Ji Kang, Musisi Kerajaan Tiongkok Dieksekusi di Pertunjukan Musiknya

By Hanny Nur Fadhilah, Jumat, 21 April 2023 | 15:00 WIB
Ji Kang, musisi kerajaan Tiongkok mati mengenaskan dieksekusi di pertunjukan musik terakhirnya. (China Fetching)

Nationalgeographic.co.id—Ji Kang (224—263), nama kesopanan Shuye, adalah sastrawan, filsuf, dan musisi yang luar biasa dari periode Tiga Kerajaan Tiongkok.

Ji Kang juga menjadi salah satu dari Tujuh Orang Bijak di Hutan Bambu yang menjauhkan diri dari politik berbahaya Tiongkok abad ketiga. 

Dia dikenal bersama enam temannya yang lain, yaitu Ruan Ji, Shan Tao, Liu Ling, Ruan Xian, Xiang Xiu dan Wang Rong. Mereka adalah cendekiawan berbakat di era penuh gejolak ini yang mengabdikan diri lewat seni dan penyempurnaan.

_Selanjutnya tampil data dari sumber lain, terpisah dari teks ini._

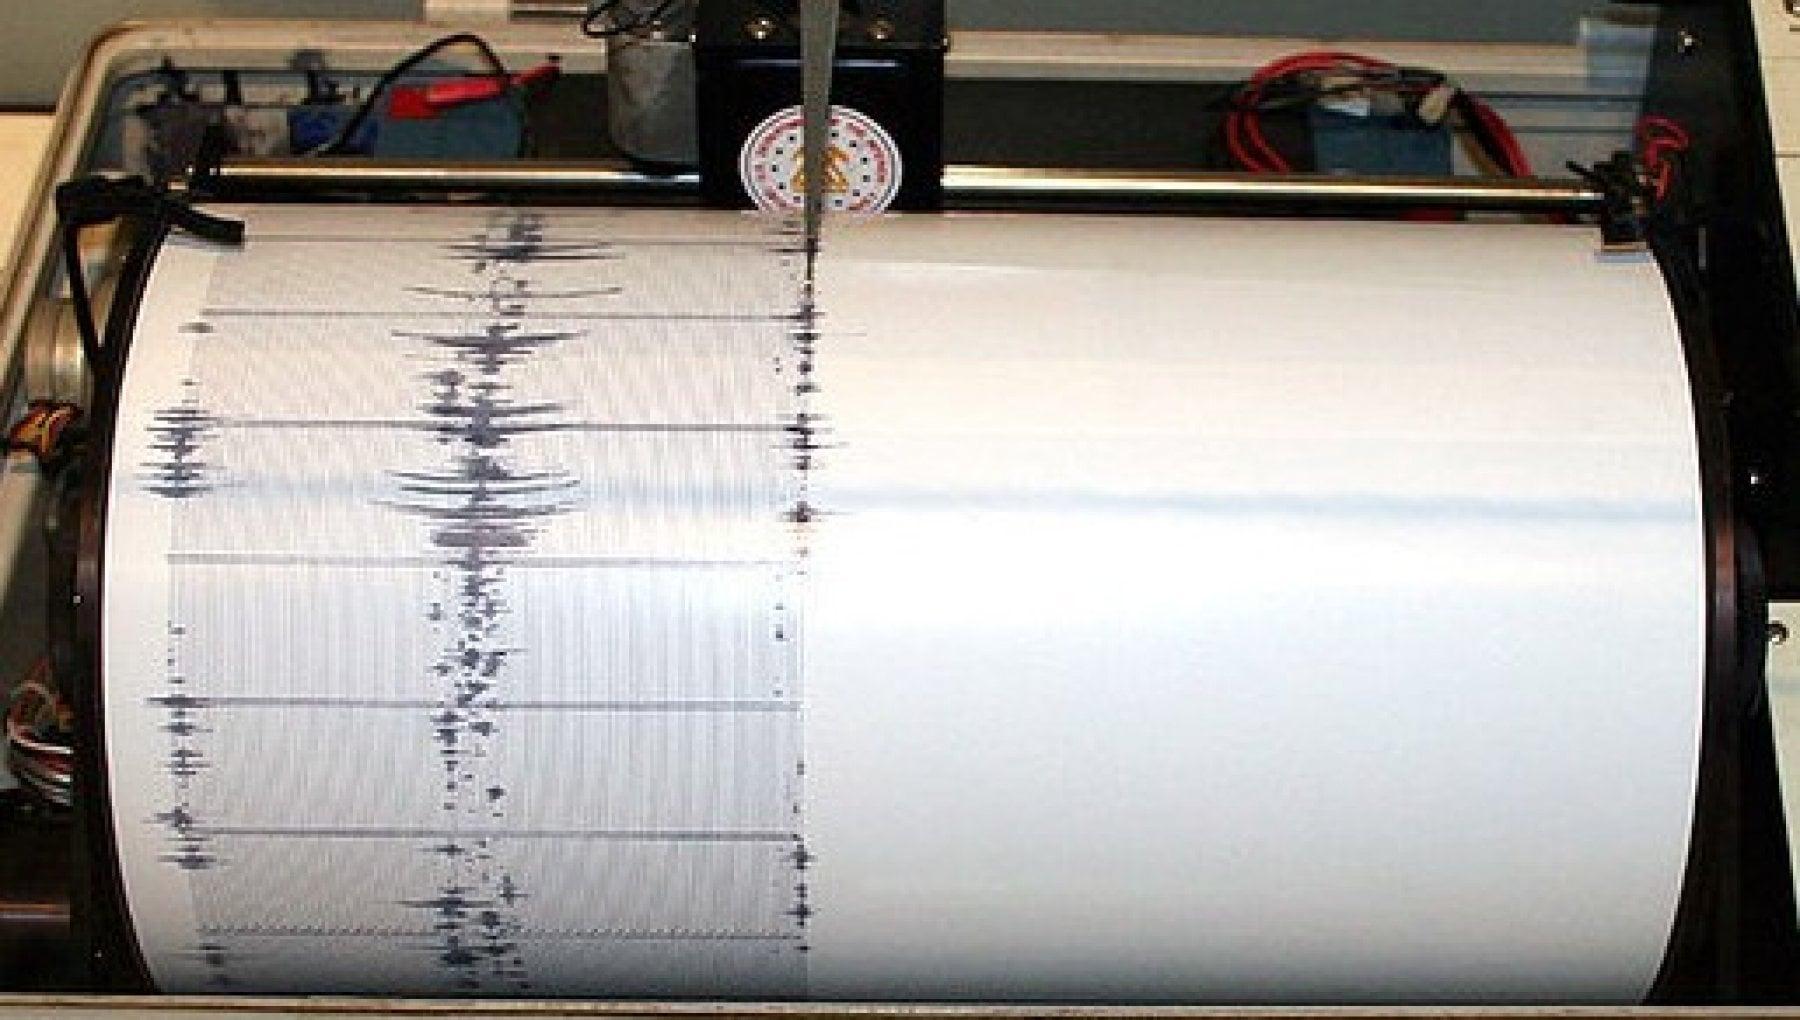 060555678 1c6892f9 94b5 4dc8 82aa a434d7cdf2ee - Terremoti: Argentina, scossa magnitudo 6 nel nordovest

Hal ini bermula ketika tahun 220, Dinasti Han yang bersatu dan makmur (202 SM—220 M) berakhir setelah Cao Pi memaksa Kaisar Xian dari Han untuk turun tahta. Setelah itu, era Tiga Kerajaan (220—280) dimulai.

Pada tahun 254, bupati Sima Zhao (211—265) memperoleh kekuasaan dan mulai menunjukkan ambisinya untuk merebut tahta.

Dengan persekongkolan tak berujung untuk kekuasaan, perang yang tak terhitung jumlahnya antar kerajaan, kesopanan yang memudar dan stabilitas masyarakat, banyak orang berbakat mulai menyembunyikan keyakinan politik mereka.

Ji Kang juga adalah seseorang yang pantang menyerah, tak kenal takut, dan selalu mengikuti kata hatinya selama era kacau yang tidak mentolerirnya.

Mengenal Ji Kang, Keturunan Bangsawan yang Berbakat

Ji Kang lahir dari keluarga bangsawan di Kekaisaran Wei Tiga Kerajaan dan cukup terkenal karena memiliki postur tubuh yang tinggi dan tampan.

Dia mengejar kebebasan mutlak, selalu membiarkan rambutnya tidak diikat. Dia dikenal sebagai salah satu tokoh yang tidak memiliki tata krama dalam budaya Tiongkok kuno.

Kegemarannya menjelajahi alam, sampai-sampai orang kerap meyakini Ji Kang adalah dewa ketika mereka melihatnya di hutan atau pegunungan.

Ji Kang menghina hierarki kacau dan etiket sosial yang rumit pada periode yang bergejolak ini. Oleh karena itu, puisi dan artikelnya memiliki gaya baru, murni, segar, dan alami tetapi penuh kebanggaan dan integritas.